At the root of these challenges is the fundamentally gendered nature of organisational structures. The power relations and actions that sustain institutions are patterned in terms of a distinction between male and female, in such ways that masculine principles continue to dominate structures of authority, even in women-predominant organisations. Such patterns promote toxic masculine cultures that devalue women’s presence, relegate them to inferior statuses, and lead to women’s voices being constrained by internal operations.
Not only are there penalties for publicly voicing opinions that sharply differ from their male counterparts, major decisions are made by executive committees which are predominantly male. This is the same logic used in families, which themselves are forms of organisations. The silencing of women who are victims of gender-based-violence is, for example, a defence of the gendered nature of institutions and organisations.
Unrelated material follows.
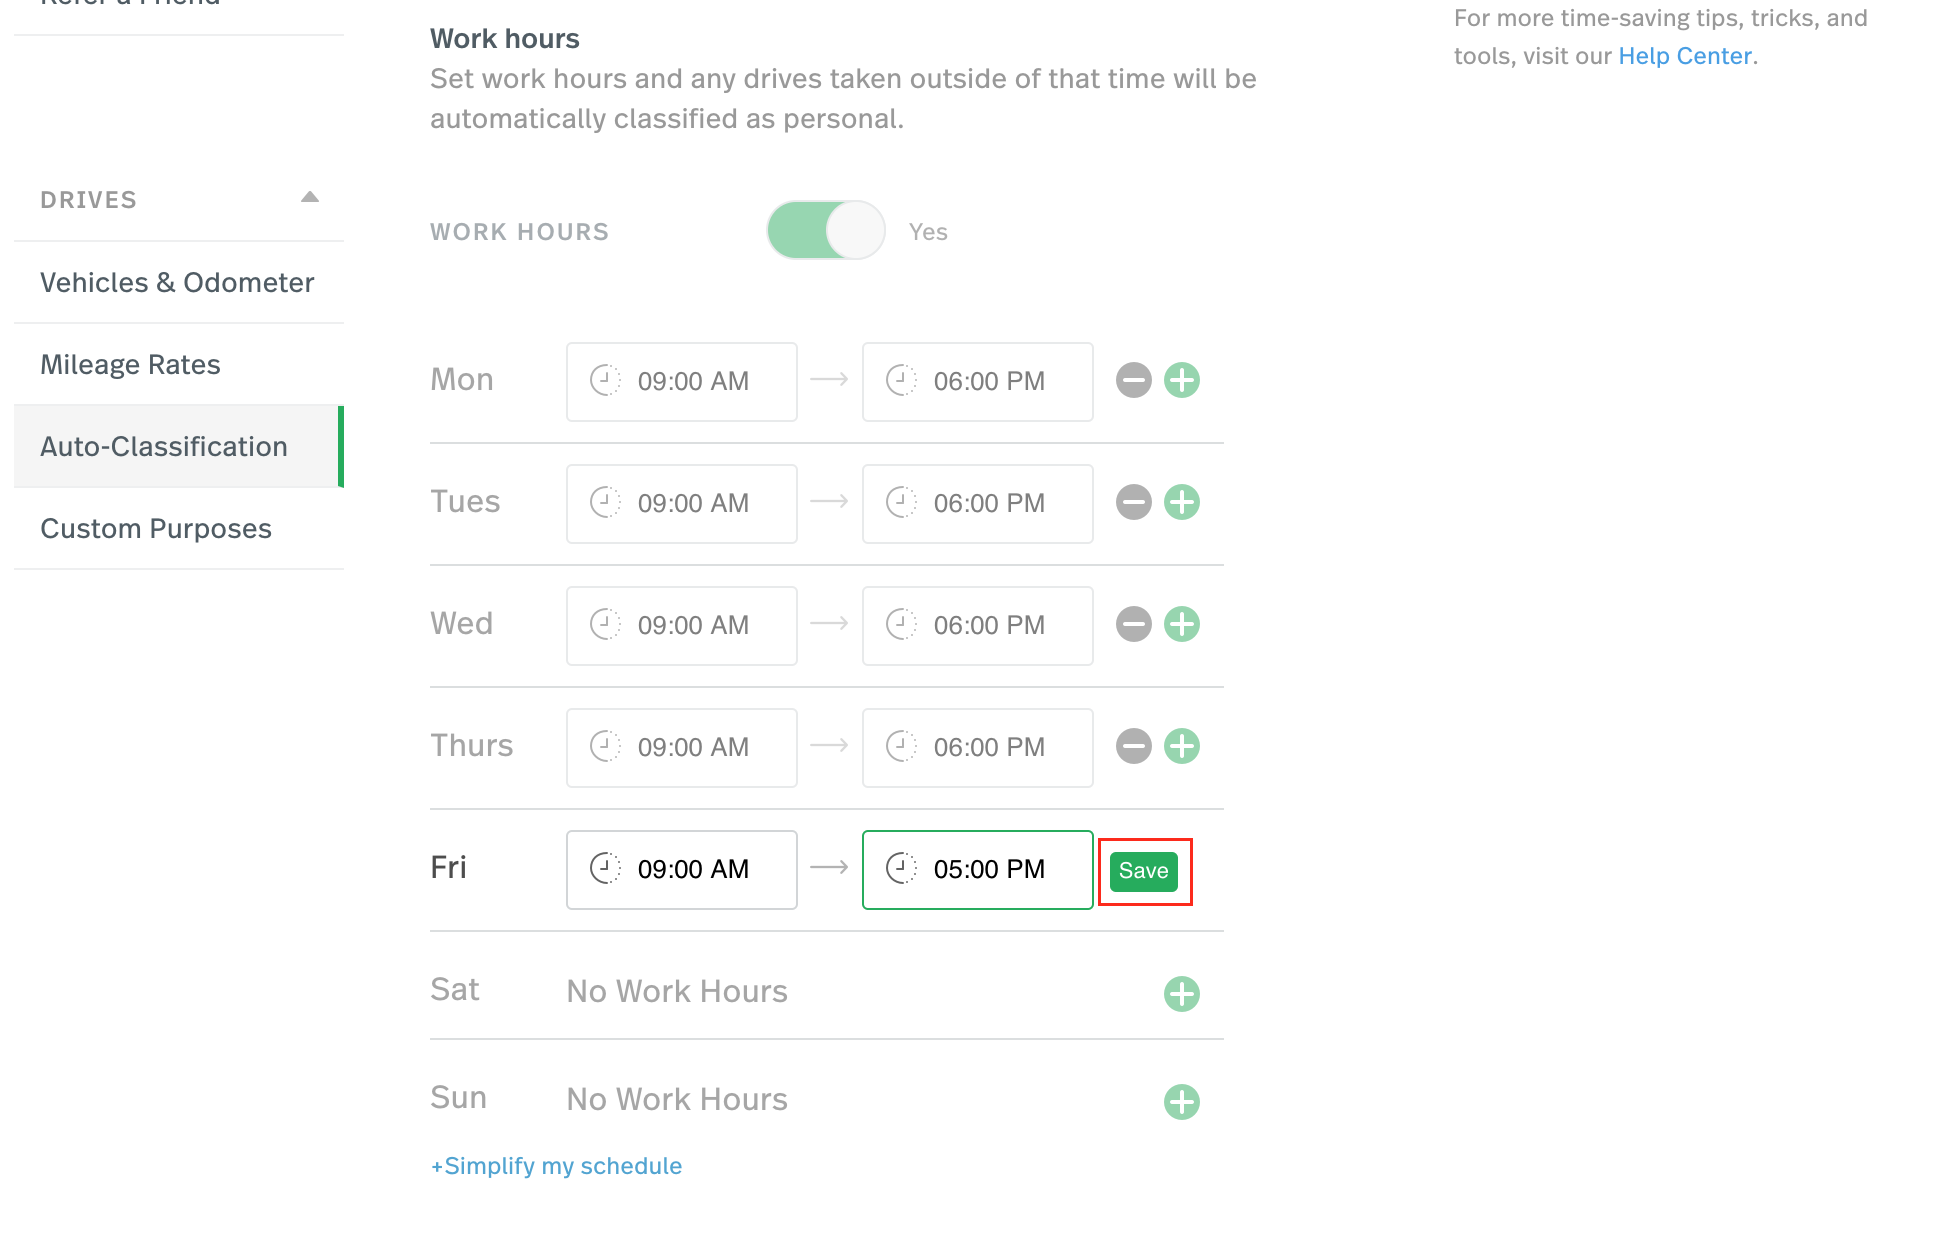 This image highlights the save button in the work hours section.

If we agree that male domination is maintained and enforced by organisational norms – be it in political organisations, in the media, in educational institutions, within families, or in our religious institutions – then we cannot expect those who hold power to champion a struggle that could result in the loss of their privileges. The men and women who benefit from the marginalisation of women’s issues strive to see the status quo maintained.
Gender transformation will therefore not occur only as a result of a female president, but mainly from collective revolutionary love for the end of gendered oppressions in all its forms. This requires courage from a united women’s movement that supports each other despite political, religious, racial and class differences. If we are to envision change, we must be able to imagine the total uprootedness of the structures that maintain unjust gendered divisions. The consequences of eschewing this task are incomprehensible.
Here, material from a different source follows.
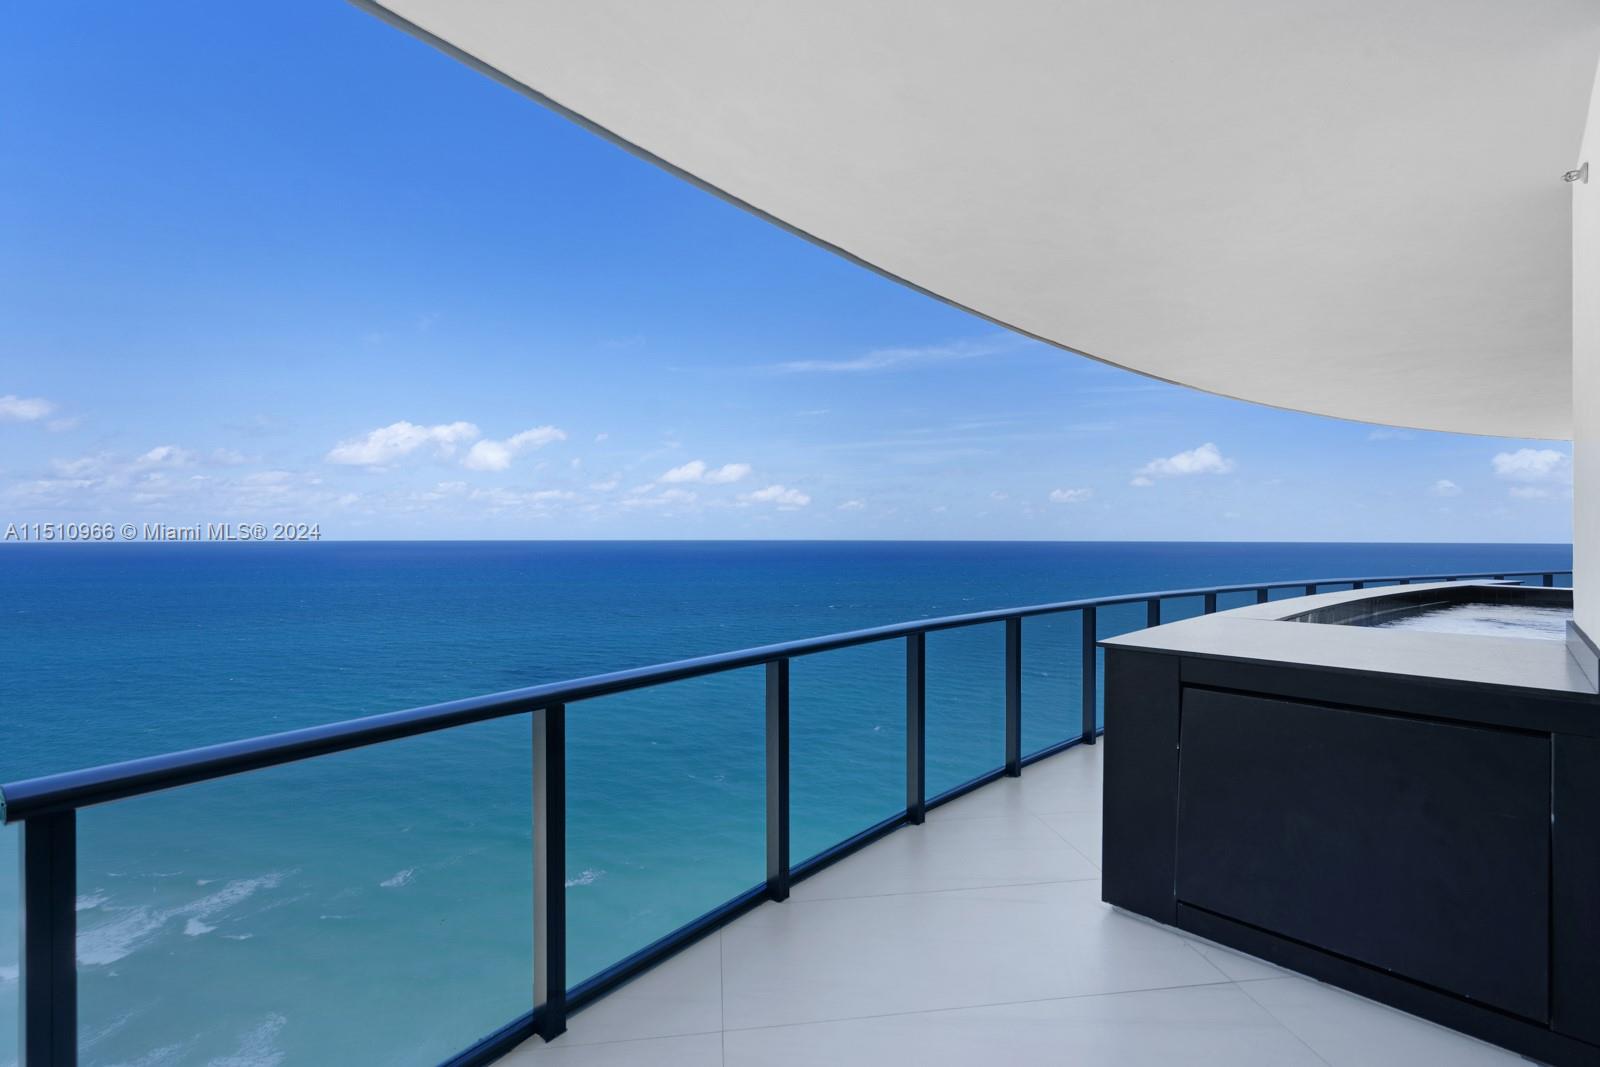 Elevate Your Lifestyle with the jewel of the prestigious Porsche Design Tower. Immerse yourself in panoramic unobstructed views of the Atlantic Ocean and Intracoastal in this breathtaking 3 BR/4.5 BA residence with 3,171 sqft of interior living space with floor-to-ceiling windows, private oversized balcony, summer kitchen and heated saltwater pool-jacuzzi. Custom designed by Steven G featuring Carrara marble floors, Miele appliances, marble countertops, motorized kitchen cabinets, Dornbracht fixtures, large stone spa ensuite bath, marble gas fireplace and custom closet. The Dezervator glass elevator will transport your car up to your in-residence 2-car garage. Five-star amenities include top-tier security, concierge, spa, lobby restaurant/bar and room service. The epitome of Luxury Living.

It is for this that using legislation and policy to advocate for a societal shift of women from the private to the public cannot be our only national goal. Public discourse on the next president would be limited if it were assumed that seating a woman at the highest office would be the end of our quest to dismantle patriarchy. Our main aim as a society is to shift, completely, the roles that have been ascribed to men and women, to such extent that future generations live in a South Africa where the prospect of a female head of state is no longer even a topic for public debate. DM
Philile Ntuli is a researcher and speechwriter. She writes here in her personal capacity. She also self-proclaims as the reigning Queen of all scrabble boards.